For the past few years — in this country and in Europe — I’ve been photographing and sketching abandoned urban industrial sites. The Gowanus Canal and neighboring Red Hook are among the areas that have caught my eye. The desolate structures and boarded-up buildings that punctuate the waterfront hang in a kind of ghostly limbo awaiting transformation at some future time. In my work, I don’t see them as ruined, bleak wastelands, but as holding the same visual possibilities as any pristine landscape. Beauty and decay are inextricably combined. At the same time, I imagine how vibrant and teaming with life and industry these areas once were.
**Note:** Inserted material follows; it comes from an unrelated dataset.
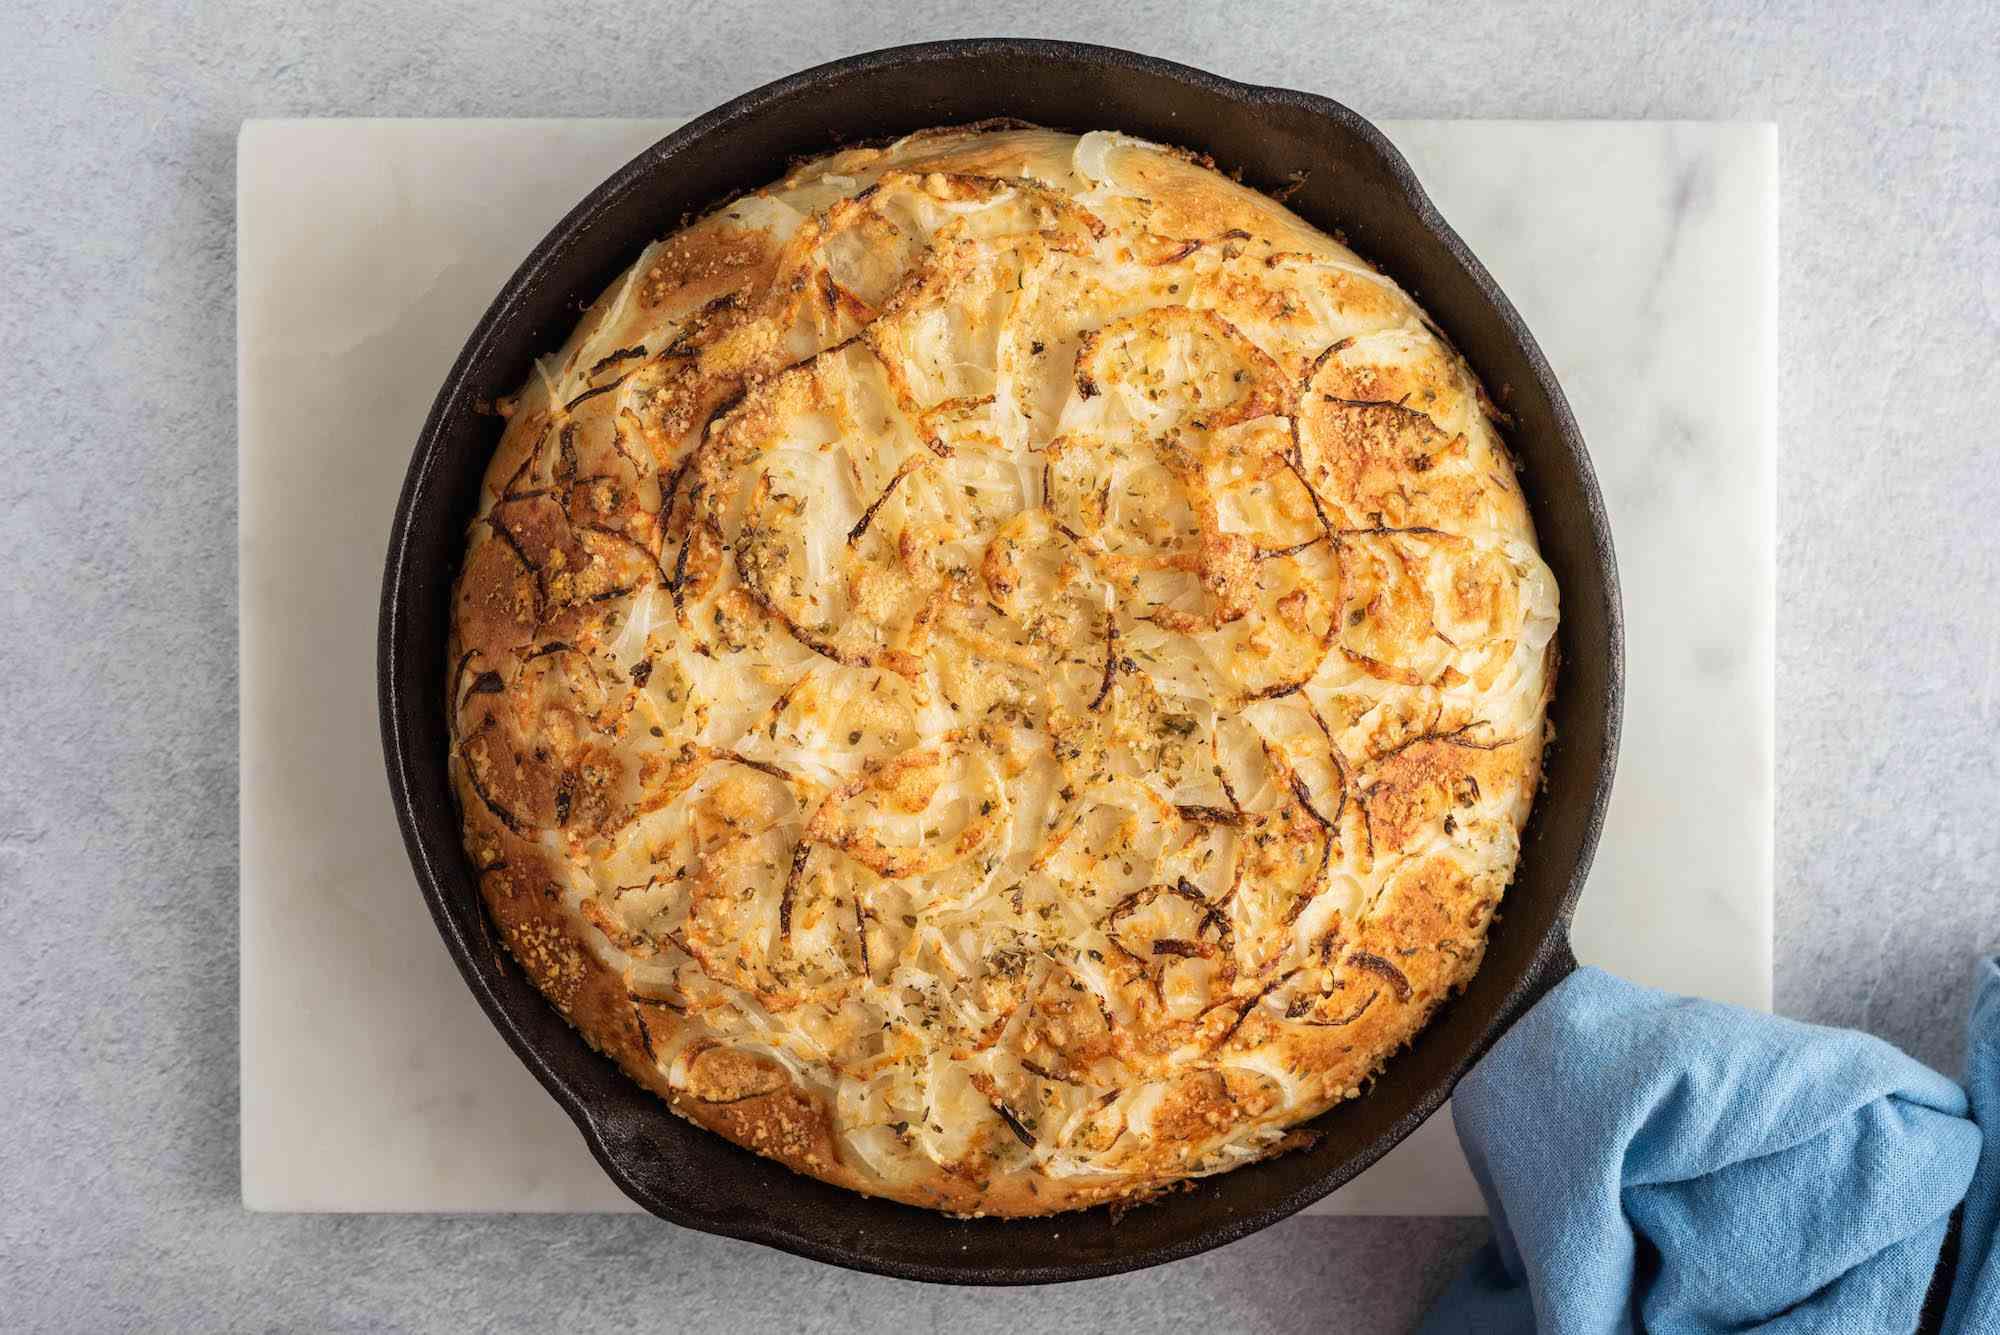 Baked fugazzeta

Back in my studio, I sift through my sketches, photos and notations as images for my next drawing take shape. The painstaking drawing process begins: for several weeks I put down layer upon layer of pencil strokes — similar to the ‘build-up technique’ of the Northern European landscape painters. It’s a slow, meditative process during which the color and mood of the image or even the image itself can change dramatically. It all depends on the light filtering through my studio window, or upon what comes to mind. As I apply layers of color, fragments of the Gowanus’ history sometimes percolate in my imagination. I think of the waterway in all its incarnations: as a thriving industrial area, a toxic wasteland and a notorious dumping ground for the mob. Like a lingering smog, these past lives still hang over the Canal and the Red Hook waterfront and somehow inform my work.